Having had an opportunity to play with both Windows 8 and Office 2013, I figured I would create a topic here to allow people to see some comments about them.


When you first login to Windows 8, you are presented with a start screen that looks like the Windows Phone, a full screened tiled view that has various tiles to launch apps, software, view news, etc.  One of those tiles is "Desktop"

Once you are at the Desktop, it will look similar to Windows 7, but with a couple of major caveates.
1) No Start button.  There are various third party start button applications, including a decent (if a bit ugly) one that is distributed via Ninite.com.  This fails in my opinion in a business environment where change can be difficult for some people to deal with.
2) It's hip to be square.  There are no rounded corners and curves in Windows 8.  It is designed for full screen on a tablet not on monitors, so the asthetic is that everything be full screen.  This fails in my opinion in a business  environment, where you are more likely to have large monitors and multiples.

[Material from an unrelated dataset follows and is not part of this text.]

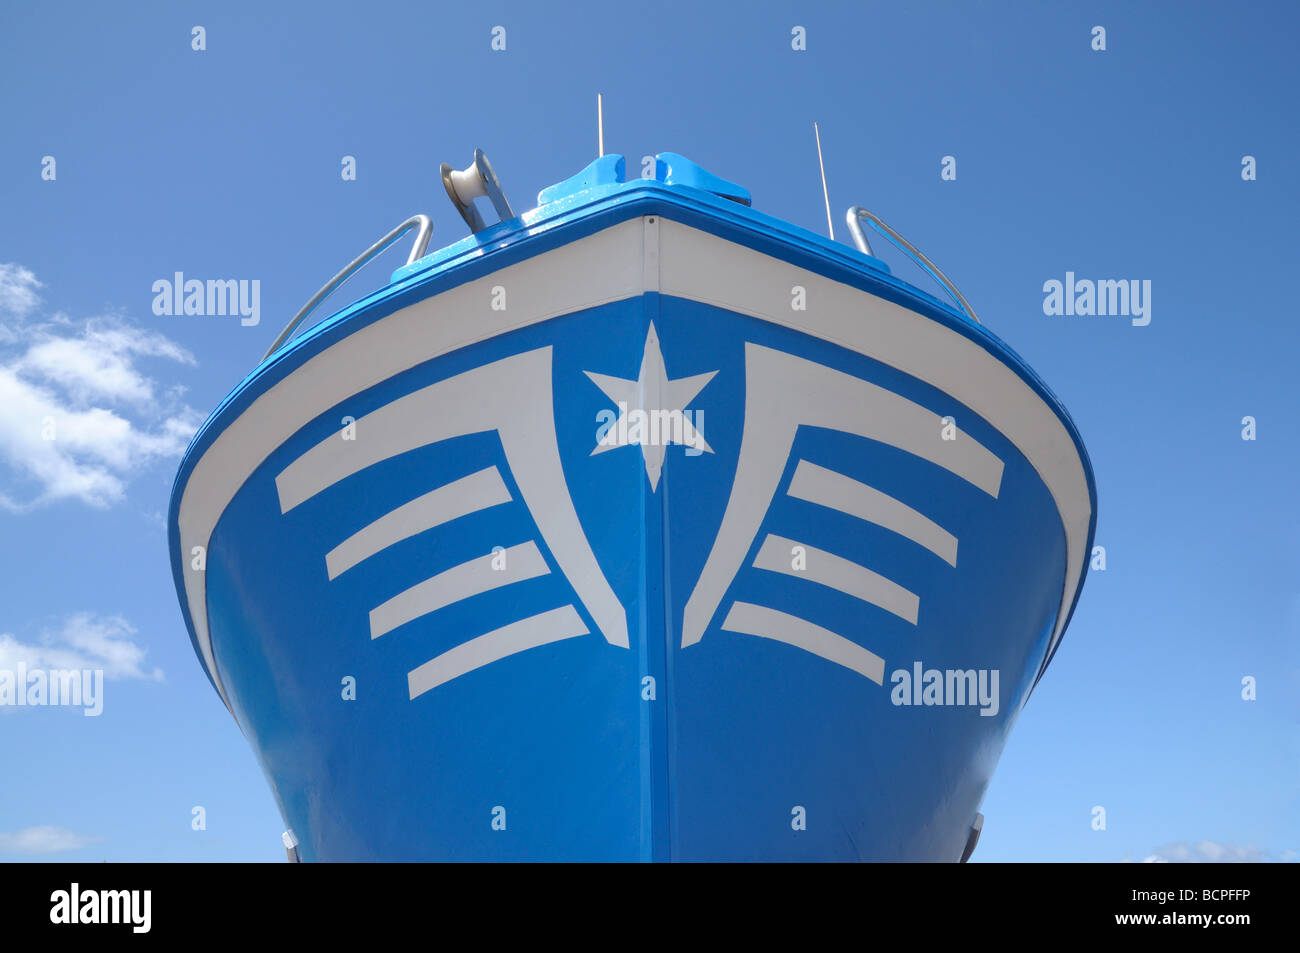 Prua della nave immagini e fotografie stock ad alta risoluzione - Alamy

Because Microsoft is turning your desktop into a glorified handset, they are pushing "Apps"  Apps are a different paradism than software in how you purchase, maintain, how much they cost, etc etc.  But the big thing is it seems that apps are updated through the MS App Store, not through Microsoft Update which still handles the Operating System, and core software from Microsoft.  Again a big fail for business in my opinion.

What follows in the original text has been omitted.